Thank you, Chair.
Thank you, Minister Duclos, for coming in and presenting to us today. Thank you so much for your leadership and your passion and the direction that you're giving the government with respect to those living in poverty. Obviously, today we're talking about seniors.
We have an issue across this country and we have a challenge, but with every challenge comes opportunity. I was reading up on it last night, and the statistics are no surprise, that for the first time in our history, I think, we have more people—5.9 million, in fact—of senior age versus those aged 14 and under at 5.8 million people. As a side number, there are 8,230 Canadians over the age of 100. Those numbers are startling.
With an increasing seniors' population.... In particular, I come from the riding of Saint John—Rothesay in Atlantic Canada, where we have the highest percentage of seniors in Canada, at 20%. If you look at that versus, say, the west coast, and Alberta at 12%, we have our challenges in Atlantic Canada.

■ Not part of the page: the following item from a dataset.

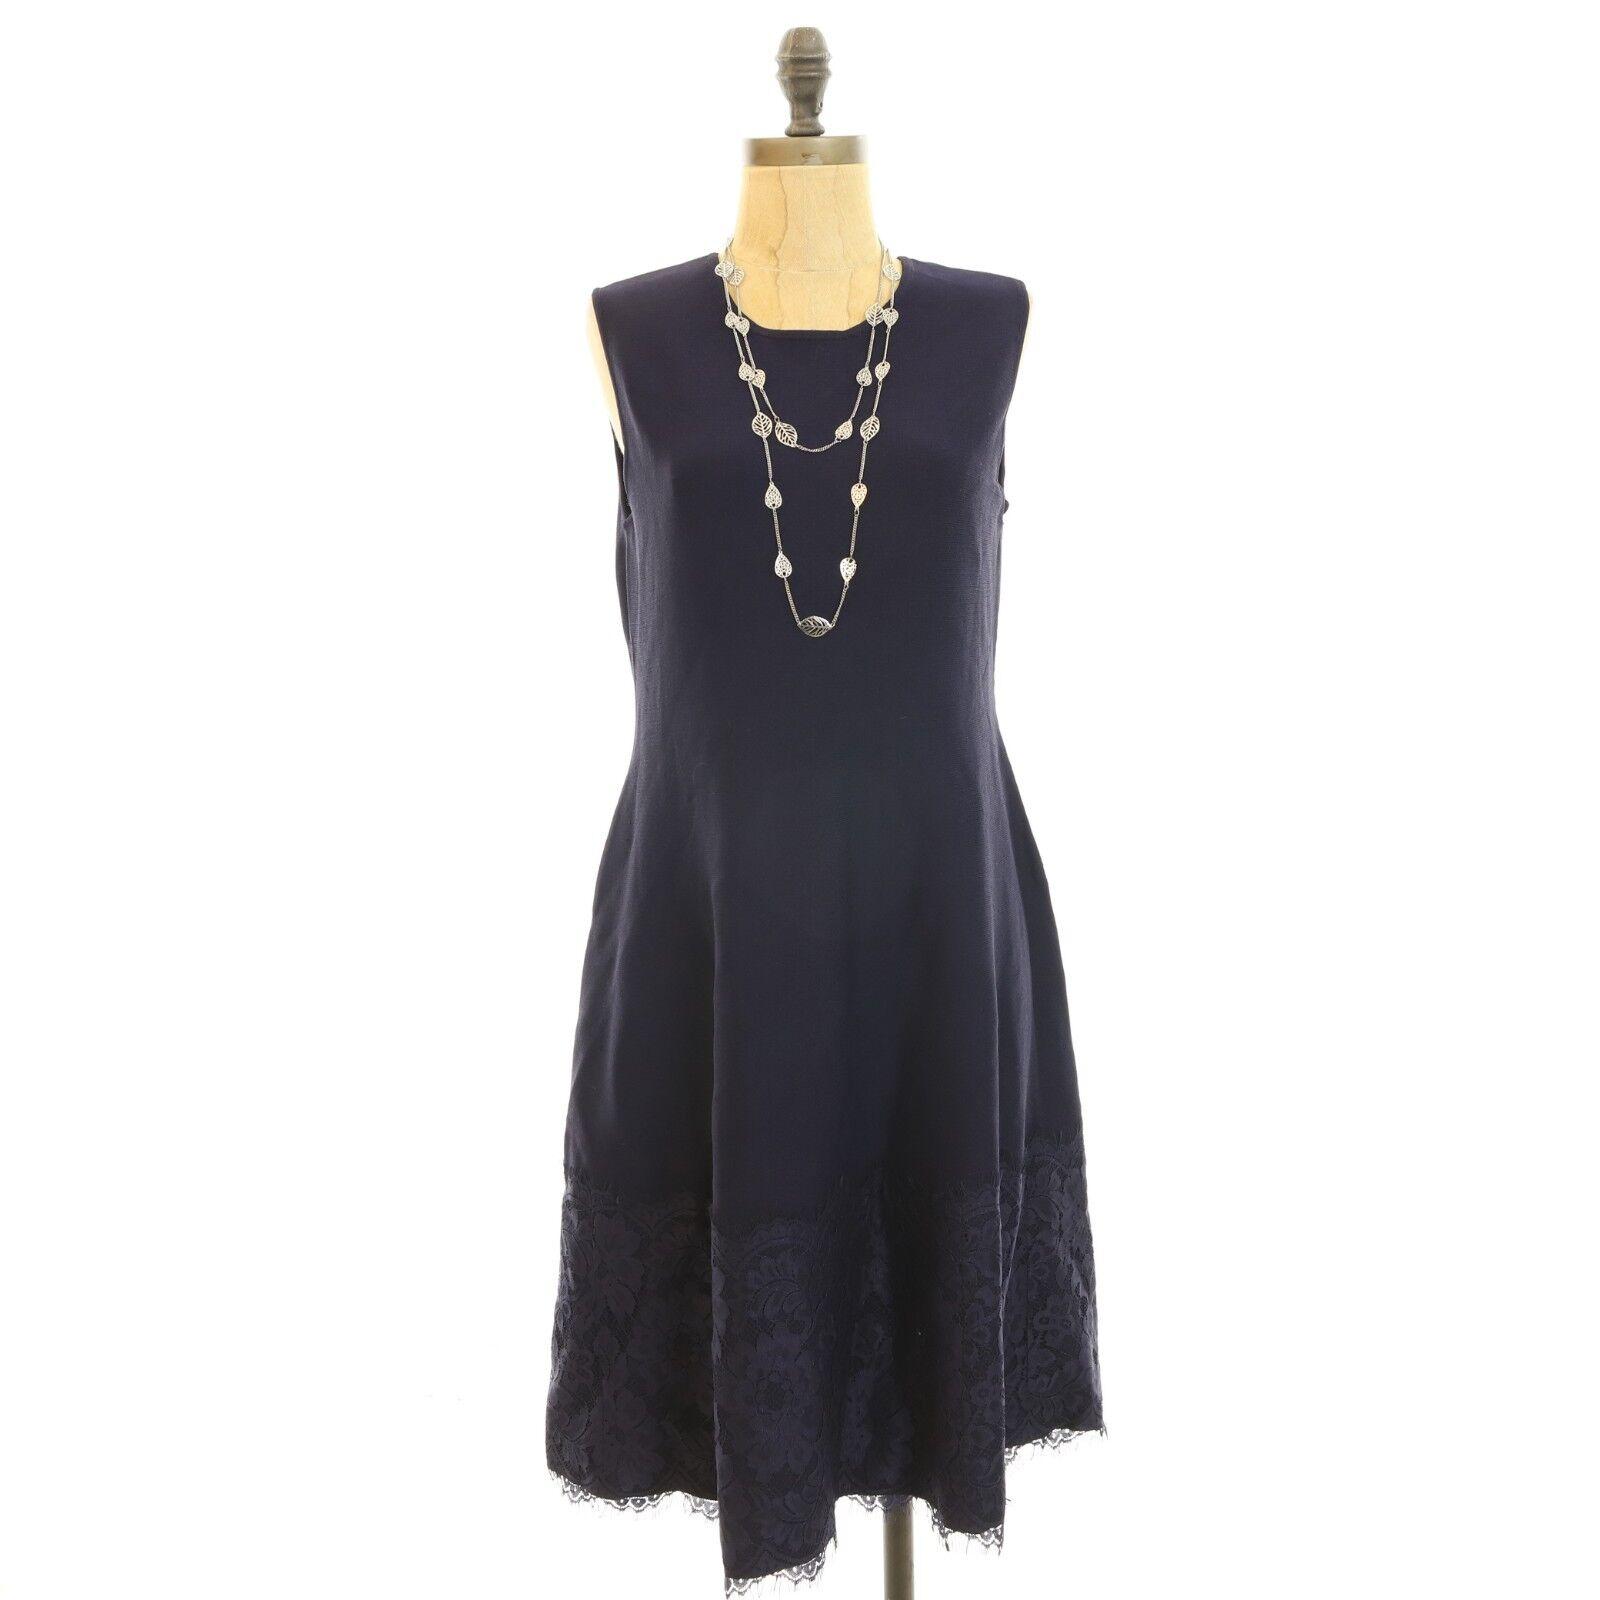 Eliza J Nordstrom Sheath Dress Size L Lace Hem Sleeveless Navy bluee  B87

It was a learning curve and a learning process for me in 2015, and certainly one of the things I learned going door to door and talking with seniors was how they did feel forgotten, how they were concerned about the change in the eligibility age from 65 to 67. I used to talk to a lot of seniors about what they felt had happened or what is out there from a government perspective to benefit them. A lot of people talked about, or certainly the previous government talked about, the tax-free savings account. I talked to many seniors certainly in Saint John and those living in poverty, and they didn't invest in the tax-free savings account; they didn't have any money to invest in such an account.
First and foremost, minister, from a government perspective on budget 2016-17, can you elaborate on the steps that our government has taken to change the lives of seniors and to pull seniors out of poverty and provide a better life?